Fat Rat Bat Cat. Freed in 1901, Will Porter got to Manhattan as quickly as he could, determined to bury the past without a clue. He wrote feverishly and with almost instant success. Some of the money that poured in went to the support of his daughter; most just dribbled away. Editors sought him out (he was usually found in a hotel room conveniently near a saloon), and he was soon writing a weekly story in the New York World about adventures in Baghdad-on-the-Subway. In the guise of a modern Harun al-Rashid, Will searched the city for fun and ideas, and found both, from Hell's Kitchen to the cancan dancers at Koster and Bial's.

An easy touch, a lavish tipper, a generous host, he loved all that was seamy and unconventional. In An Unfinished Story he wrote about a man named Piggy who "was fat; he had the soul of a rat, the habits of a bat and the magnanimity of a cat ... He could look at a shopgirl and tell you to an hour how long it had been since she had eaten anything more nourishing than marshmallows and tea. He . . . prowled around in department stores with his invitations to dinner." In a moment of candor, Will Porter told a friend: "I was Piggy."

One June Day. Whatever his private morality, his fiction was without moral blemish. He disliked being called the American Maupassant, protesting: "I never wrote a filthy word in my life" (neither did Maupassant, whose language teased, but never stripped). Once, when a fellow inmate wanted Porter to write about prison conditions, he answered: "I tell you I will not attempt to bring a remedy to the diseased soul of society." Writing for money alone, he swore that "if I had a prosperous peanut stand on Broadway . . . I would never write another line."

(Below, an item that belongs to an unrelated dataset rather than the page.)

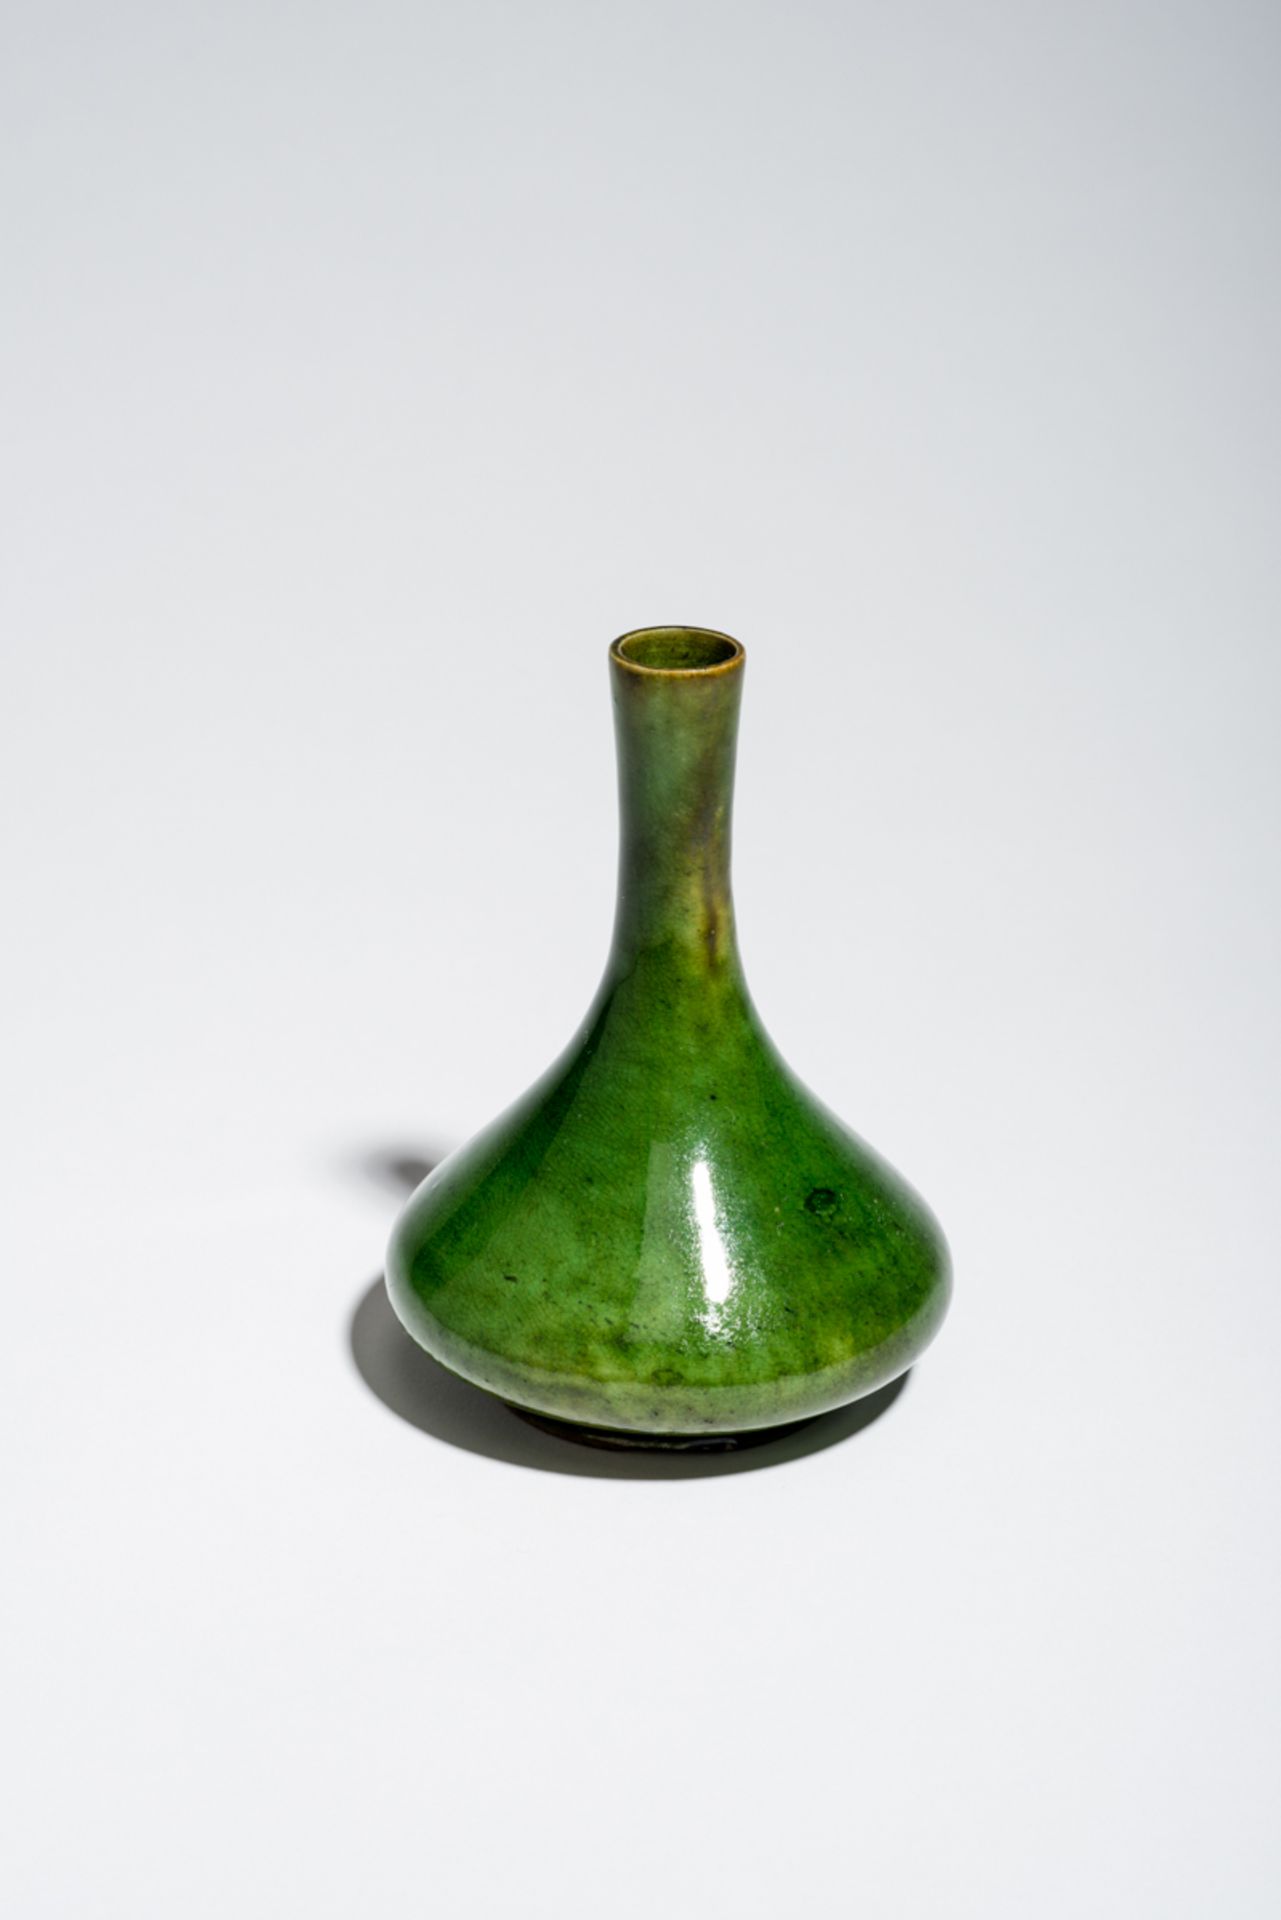 ELEGANT GEFORMTES VÄSCHENGrün glasiertes Porzellan. China, Qing, 19. Jh.Sehr schöne Glasurfarbe und - Bild 2 aus 3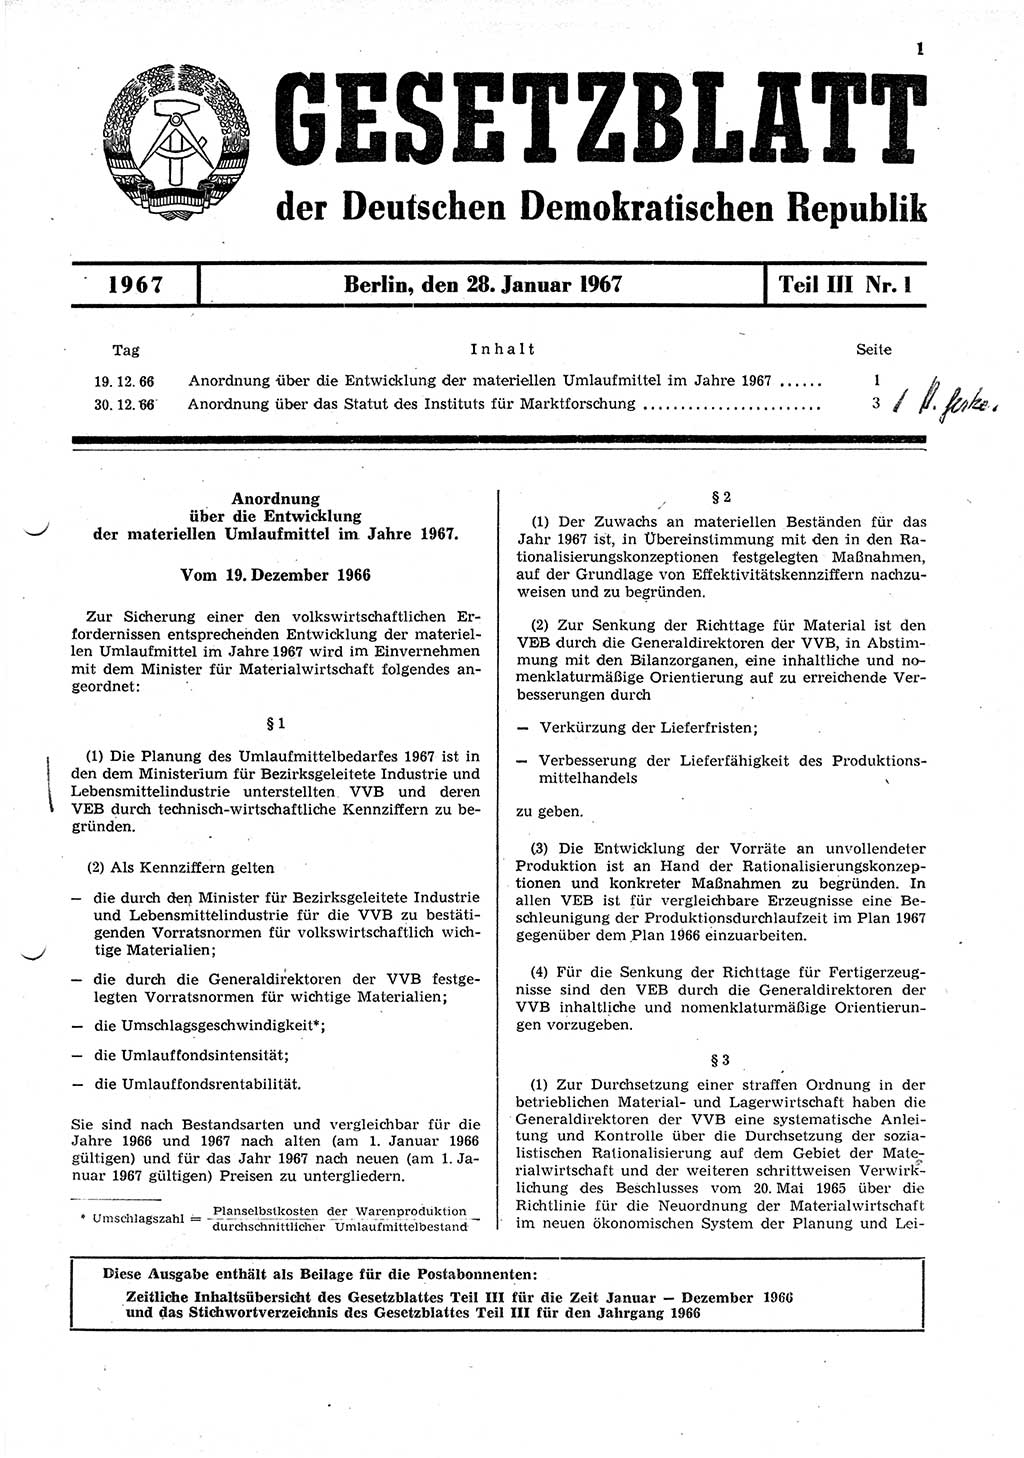 Gesetzblatt (GBl.) der Deutschen Demokratischen Republik (DDR) Teil ⅠⅠⅠ 1967, Seite 1 (GBl. DDR ⅠⅠⅠ 1967, S. 1)

His genius lay in his plot making, and, like his tragically eccentric father, he made the mistake of thinking that he could achieve perpetual motion--and turn out his beautifully machined tales forever. He brought to the short story the elements of pace, geniality, color and surprise. Some of his gems--the tenderly sentimental Gift of the Magi, the tortuous Whirligig of Life, the feud-ridden A Blackjack Bargainer--are as inventive as will ever be written. But after O. Henry had been in Manhattan eight years, the mechanism that had produced more than 250 stories slowed down. More and more often, his hand went out to the bottle instead of the pen. He tried to regain his balance by marrying again (a childhood sweetheart), but only succeeded in creating another victim. He sold the dramatic rights to his story A Retrieved Reformation for $500 and then saw it make hundreds of thousands for others as the Broadway hit Alias Jimmy Valentine. He talked and talked about a novel but never got it on paper. His stories became more labored as debts mounted and the gift slipped away. One June day in 1910, Will Porter was rushed to the hospital and died of cirrhosis of the liver, but not before he whispered to the nurse a sentimental but effective punch line that might have come from one of his own stories: "Turn up the lights. I don't want to go home in the dark."